The team is new (they need to discuss on ground rules of coding)
There is a new team member (s/he didn’t know about unwritten ground rules of the team)
Someone is introducing something controversial (e.g. wants to introduce a new library or a new pattern than wasn’t used before)

That burn-down chart didn’t break!!! (Scrum burn-down charts)

I feel the hype of agile and scrum is starting to normalise and many organisations are getting into a love/hate relationship with it. It’s like democracy — there are many flaws, but please point to a better methodology, if you know one!

There are many reasons why that line didn’t go down, some of them are worth attention while the others may create overhead that doesn’t add too much value to your organisation:

QA got all stories in the last day of sprint so couldn’t complete it on time (that’s a classical case, definitely worth fixing)
You have just launched new software update to production and a lot of bugs began popping up (could you predict there will be bugs? Yes you could. But could you predict the exact amount? And could you predict how many SP a bug will take to solve before you know the details to be able to remove user stories worth the same amount of SP? I highly doubt.)
External factors: unplanned meetings in the company, a sudden change of requirements, a sudden change in priorities, someone went sick. These things do happen and they might impact the burn-down chart. The teams shouldn’t feel bad that the graph doesn’t look nice because of this.

Although I do look at it myself and it’s a good metric to look at, it doesn’t give you the right picture of what really happened. That’s why I don’t believe requiring teams to break that graph every sprint makes much sense, because you may end up spending too much time on “scrumming” (devs switching context because PO/SM wants to change something and create a meeting) rather than solving real issues.

So what metrics to use???

at the time of writing, I tend to look at many of the worst metric I described in this post, what a plot-twist!
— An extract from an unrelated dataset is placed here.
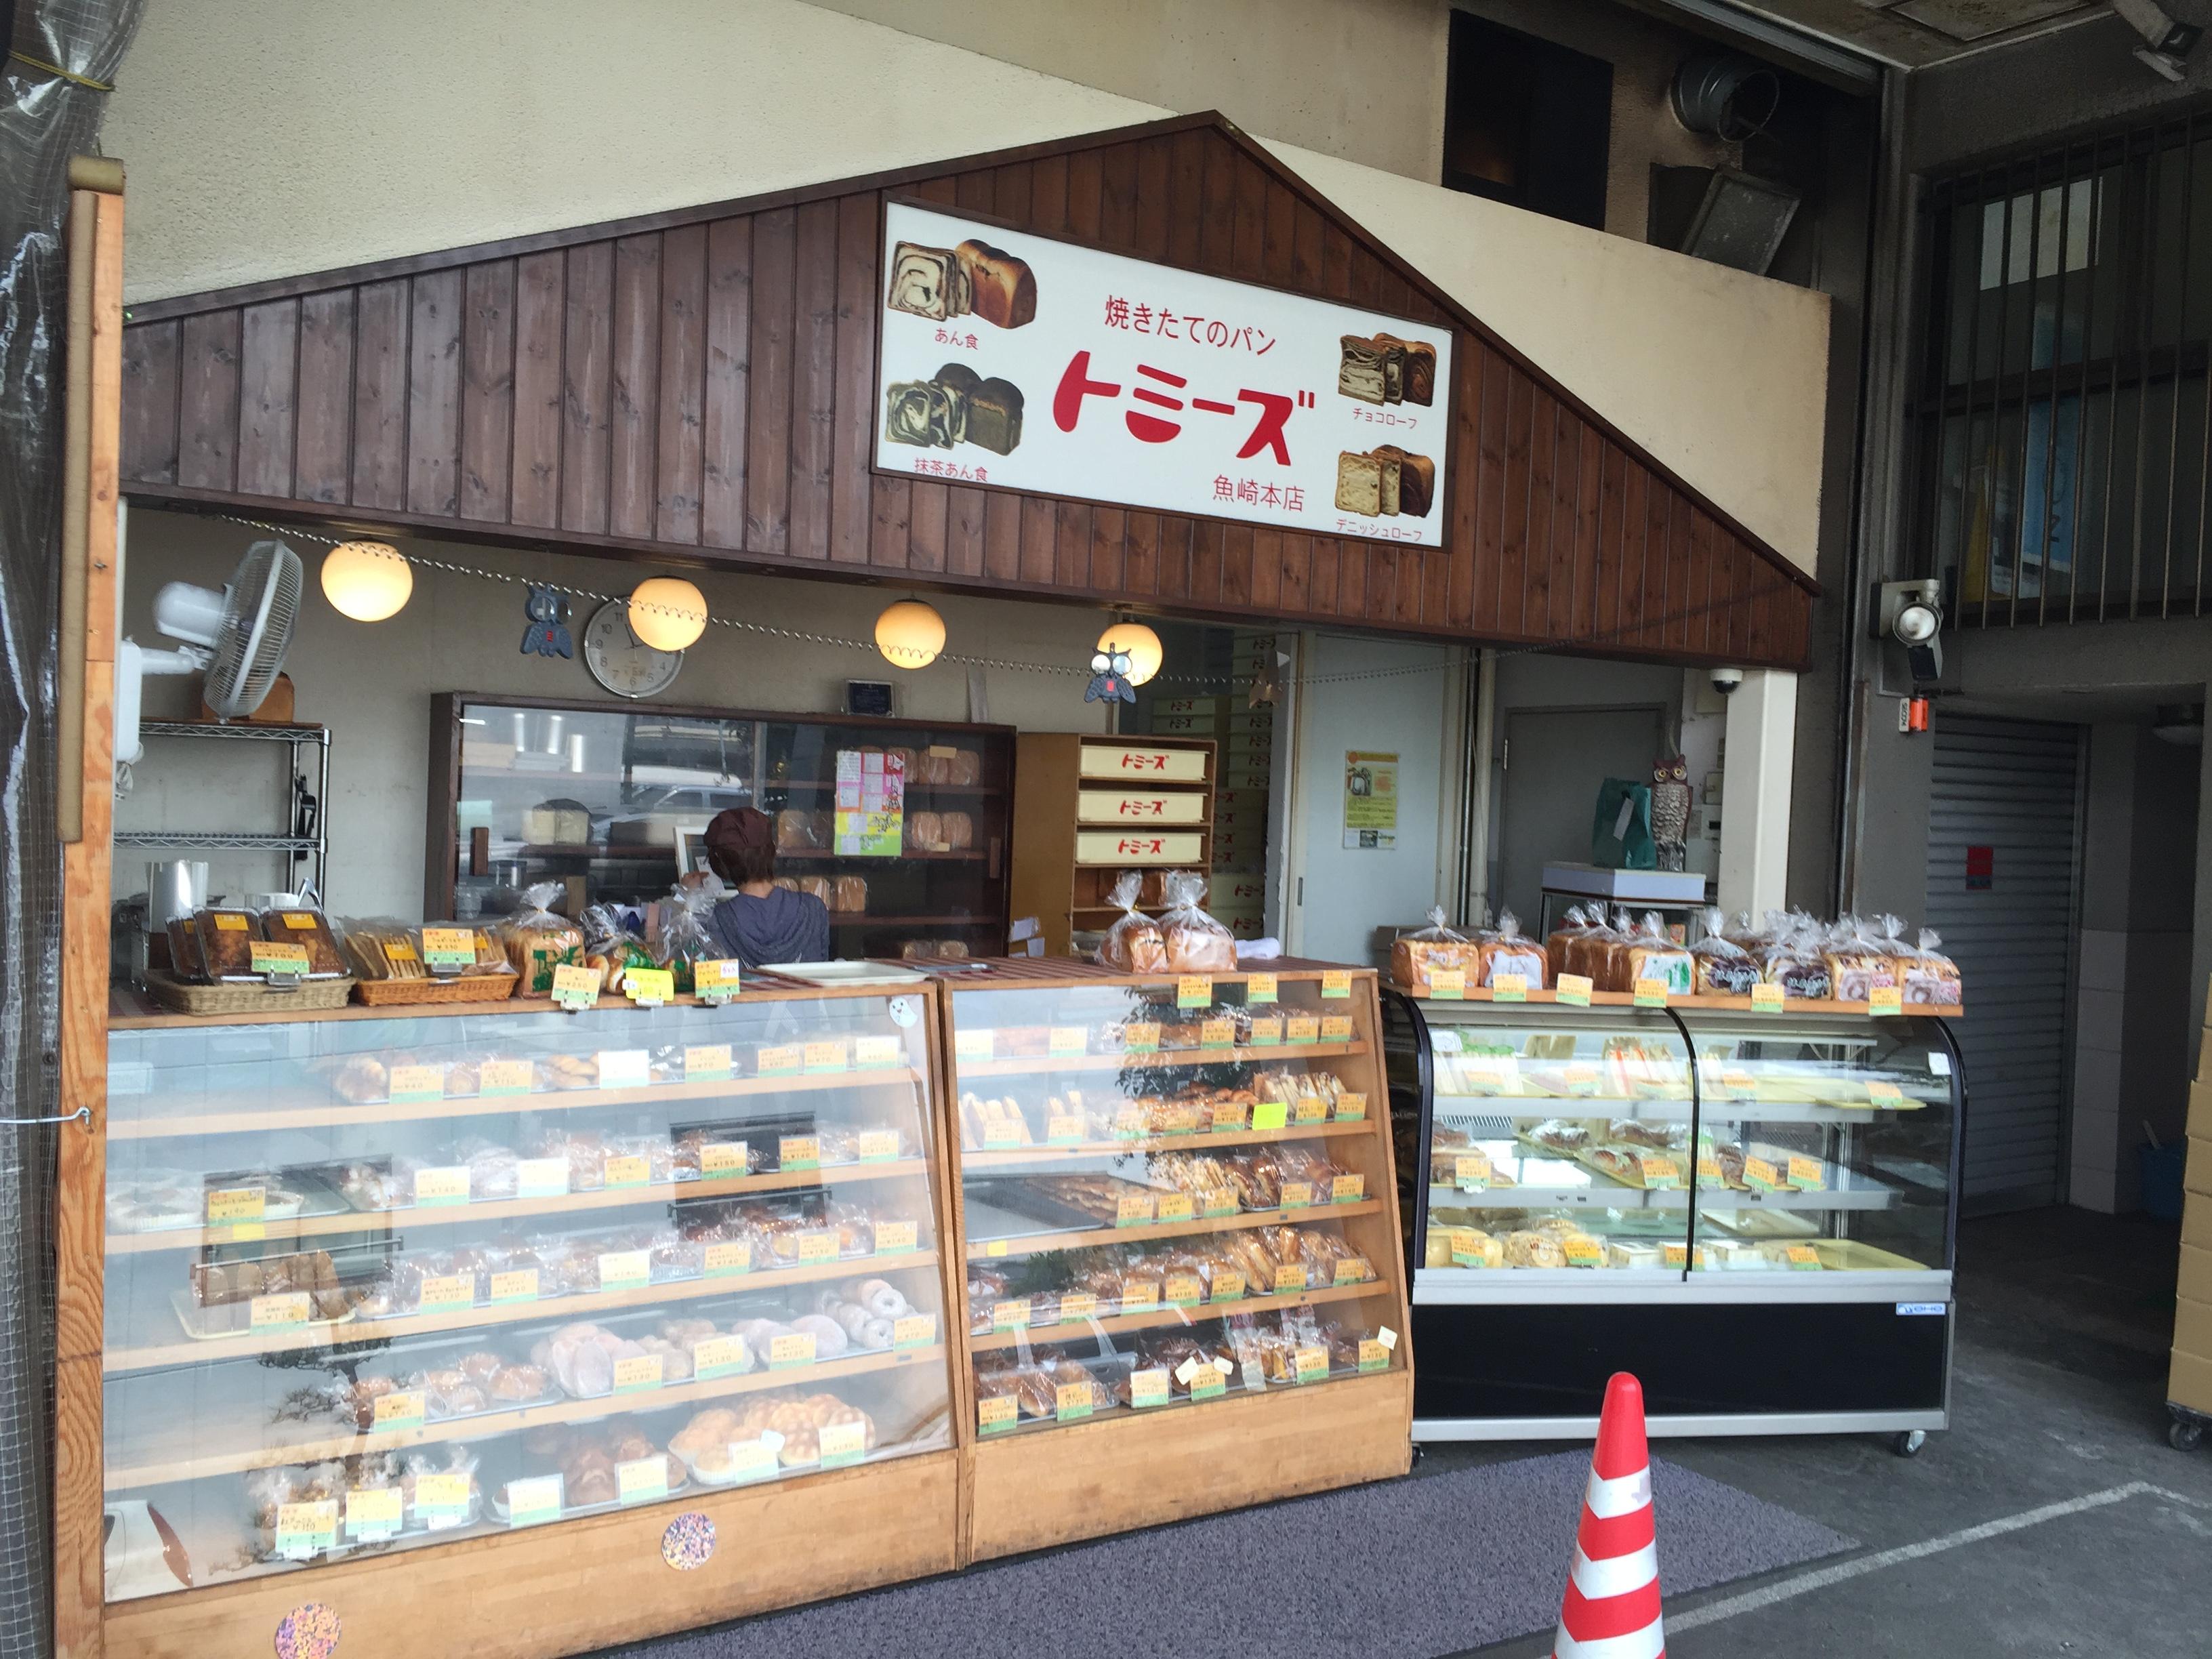 神戸・魚崎南でトミーズ本店を見つけたよ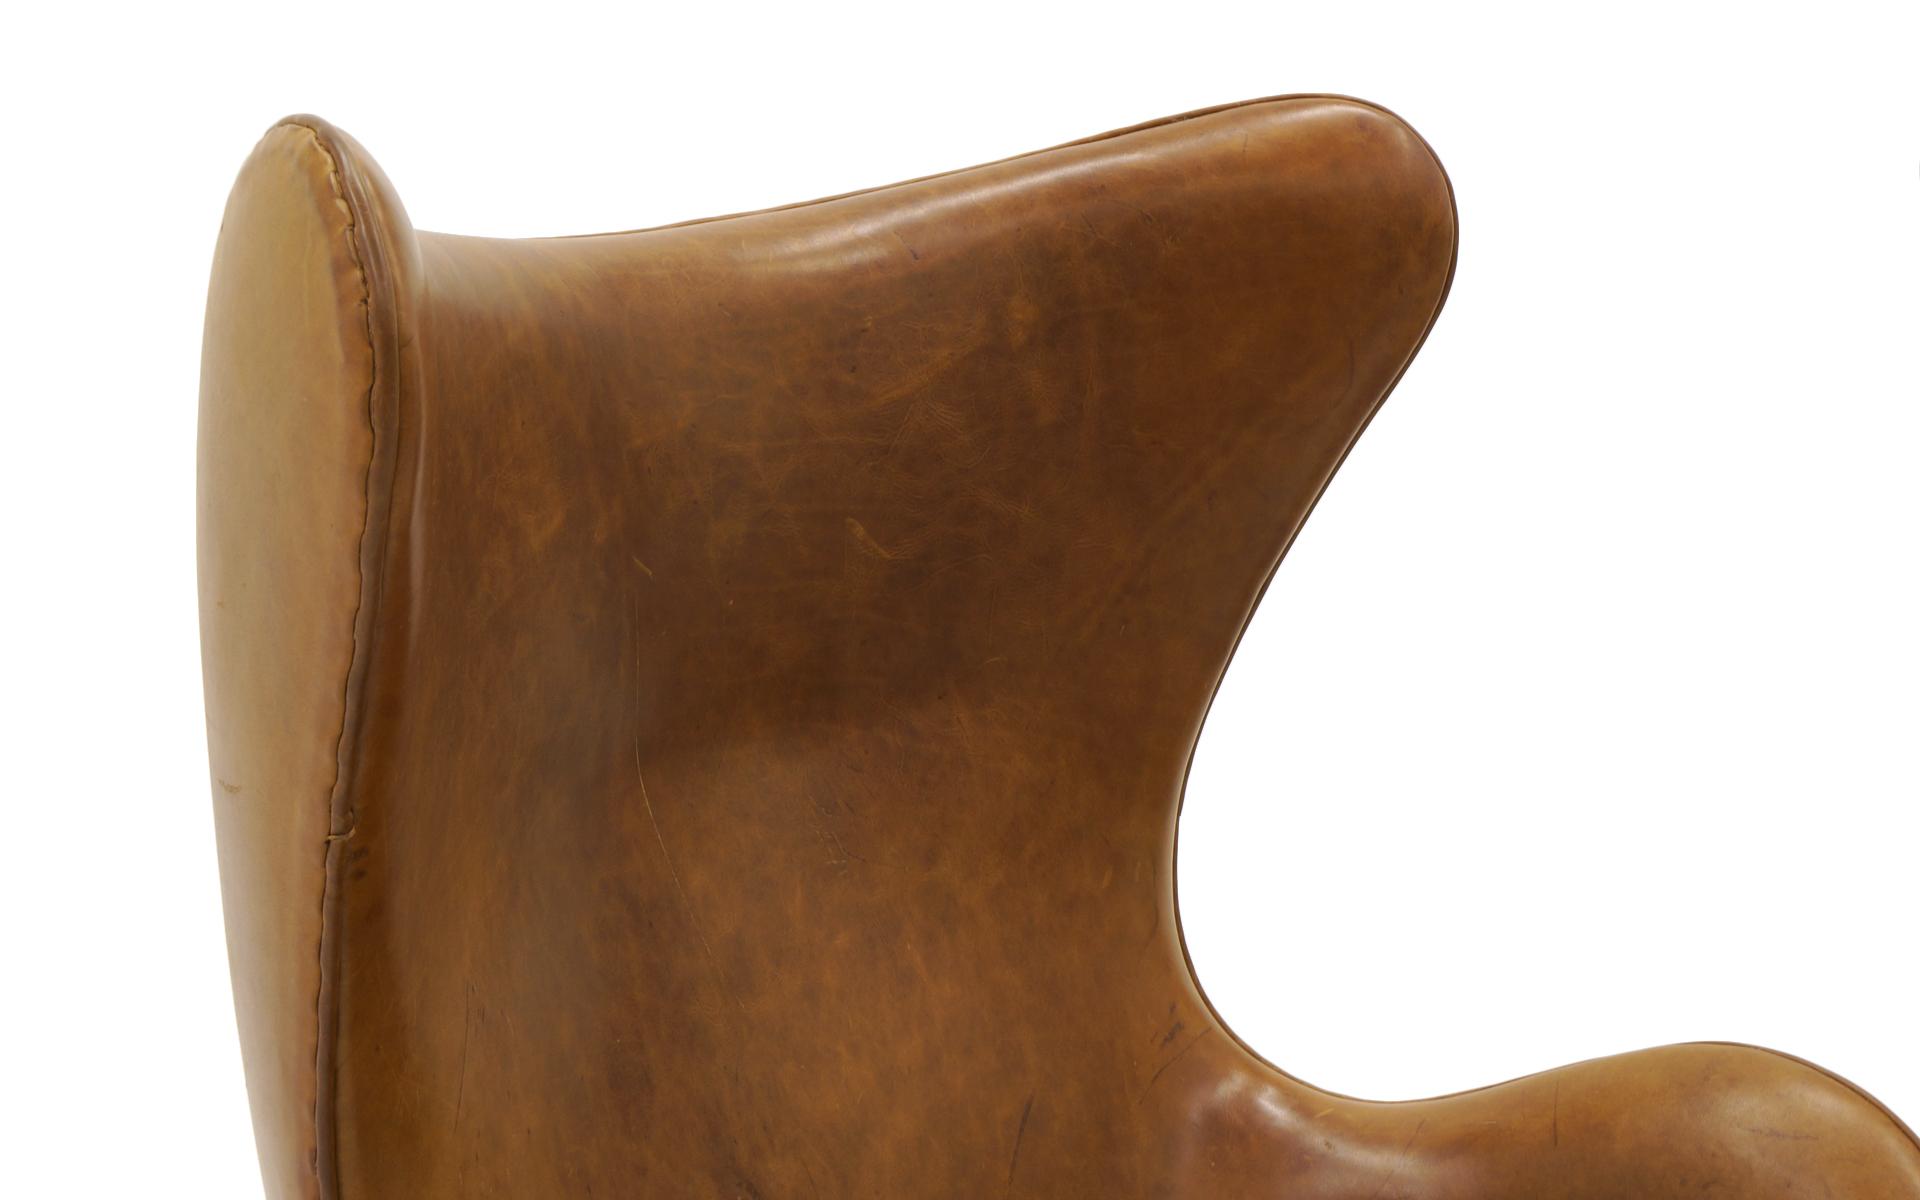 Egg Chair Arne Jacobsen Kopie.Pair Of Arne Jacobsen Egg Chairs With Ottomans For Fritz Hansen

Probably you have read this enough times — “there are no silver bullets”. And that’s true. I believe, that all metrics are good as long as we look into them in a smart way: let’s quickly think about the most popular metric today — new cases of C19 per day. Although it for, if the number goes up or down drastically, it does tell something. But if you look into two different countries (same as you would view into two different teams), you may not know that one country is testing all inhabitants randomly whereas the other — only those who have symptoms. Or one country does twice more tests per day for the same amount of inhabitants compared to the other (a parallel comparison — one software engineer keeps focusing on bugs which are often impossible to estimate, while the other keeps baking standard features which are very similar every sprint).

The topic itself is definitely worth another blog post (and I will write it for sure), though to give a quick glimpse — at the time of writing, I tend to look at many of the worst metric I described in this post, what a plot-twist! BUT to me they aren’t really important and I only look at them to indicate if anything is going wrong in general or how processes differ in different teams.

I’d highlight two things:

Try focusing more on high level, e.g. satisfaction of your customers or self-assess productivity. Every engineer is an interface between a particular customer (it might be an external user of your product or another department in the organisation) and the software. Whereas self-assessed productivity might sound subjective, but in reality it may cover many more things that you may not have thought about.
Focus on having as minimum “blockers” as possible. I do believe that Circle CI have highlighted very reasonable metrics that do matter, kudos for them: https://www2.circleci.com/rs/485-ZMH-626/images/5-Key-Metrics-Engineering.pdf. Note, that every metric they highlighted is focused towards “what is stopping us” rather than “how many hours did we put” or “how many bugs did we produce”.

Summary

Be very careful when trying to tie engineering metrics to appraisal reviews or giving feedback to your employees, because it may lead people focusing on wrong things. Instead, try focusing on things that really matter and are easy to measure when you work in R&D, such as productivity of the teams and customer satisfaction.